<<<<
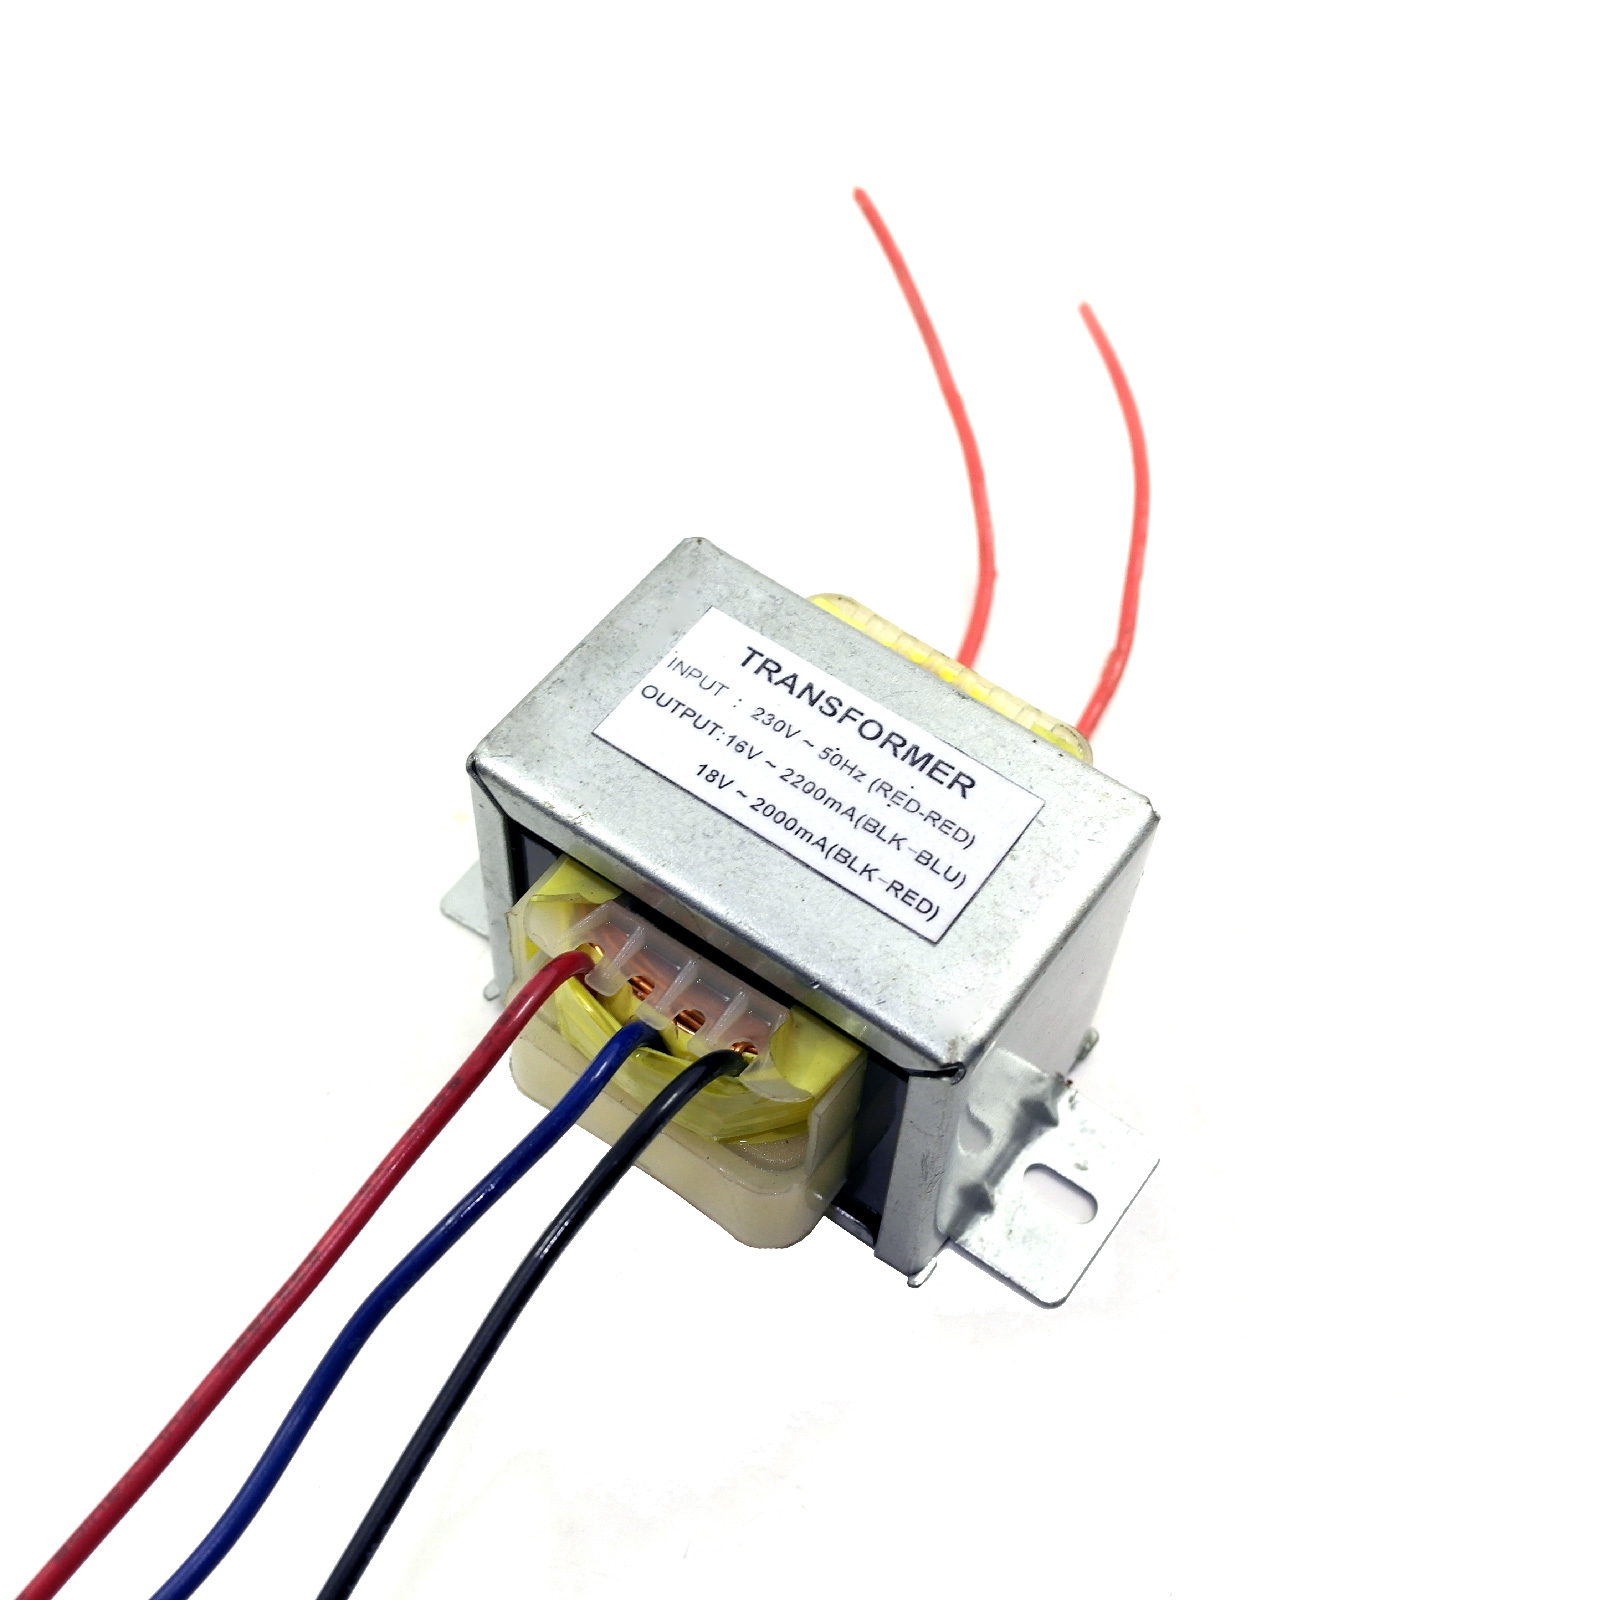 EI66,EI66 power adapter
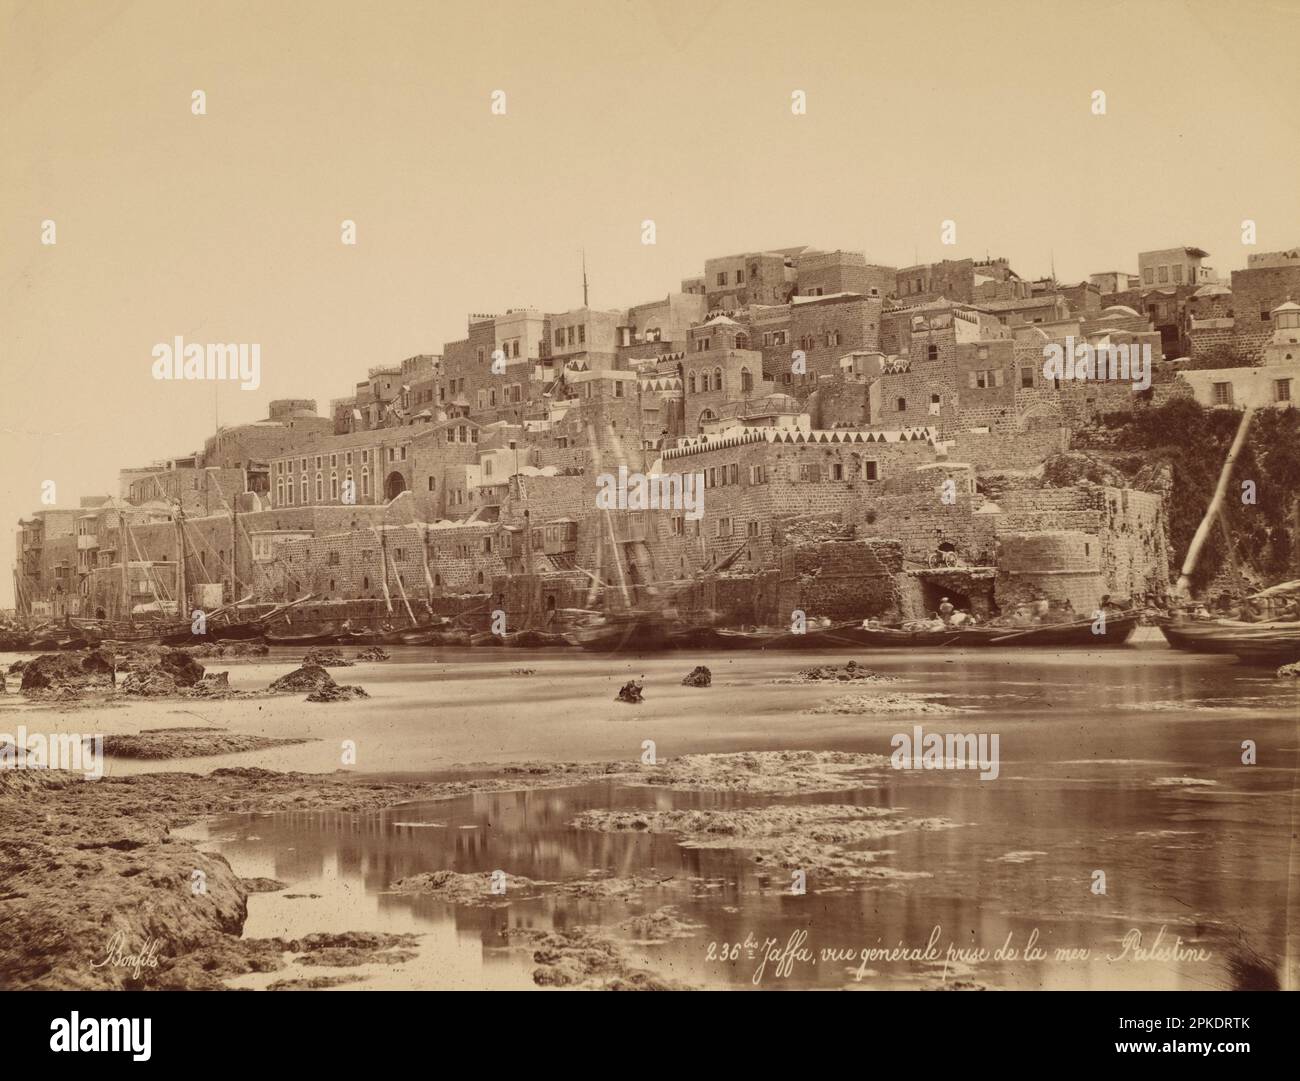 Jaffa, Vue Générale Prise de la Mer - Palestine 1867 - 1870 by Felix Bonfils Stock Photo
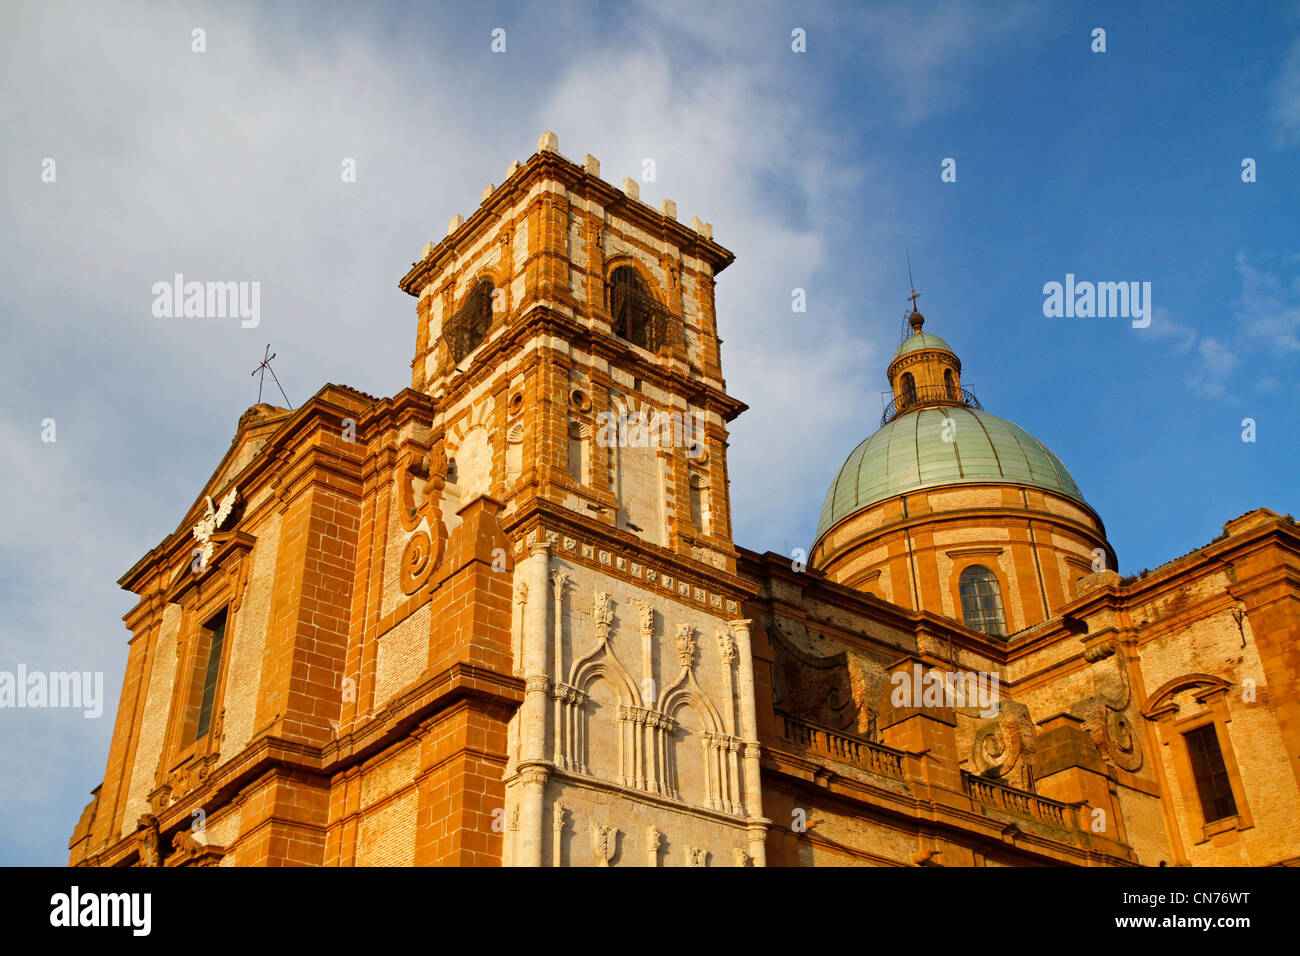 Duomo, Piazza Armerina, Enna province, Sicily, Italy Stock Photo
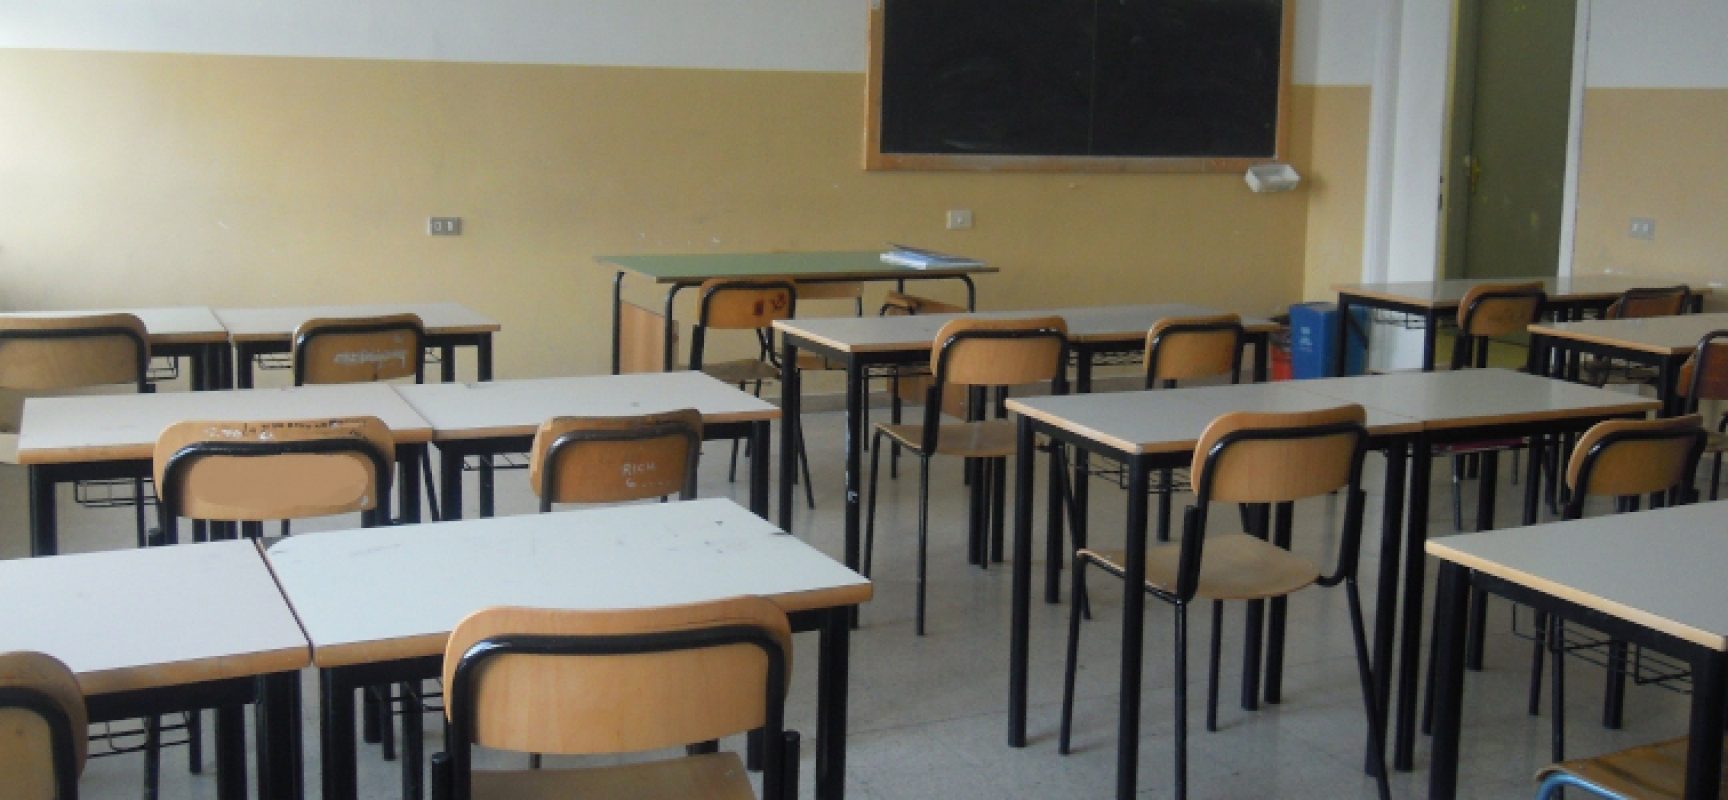 Anno scolastico 2021/22, Puglia riparte il 20 settembre. Lopalco: “Riapertura in sicurezza”
>>>>
• [TASK BRIEF]:
Copy all of the listing word for word, minus the images.

• [EXERCISE RESPONSE]:
 EI66,EI66 power adapter
 Jaffa, Vue Générale Prise de la Mer - Palestine 1867 - 1870 by Felix Bonfils Stock Photo
 Duomo, Piazza Armerina, Enna province, Sicily, Italy Stock Photo
 Anno scolastico 2021/22, Puglia riparte il 20 settembre. Lopalco: “Riapertura in sicurezza”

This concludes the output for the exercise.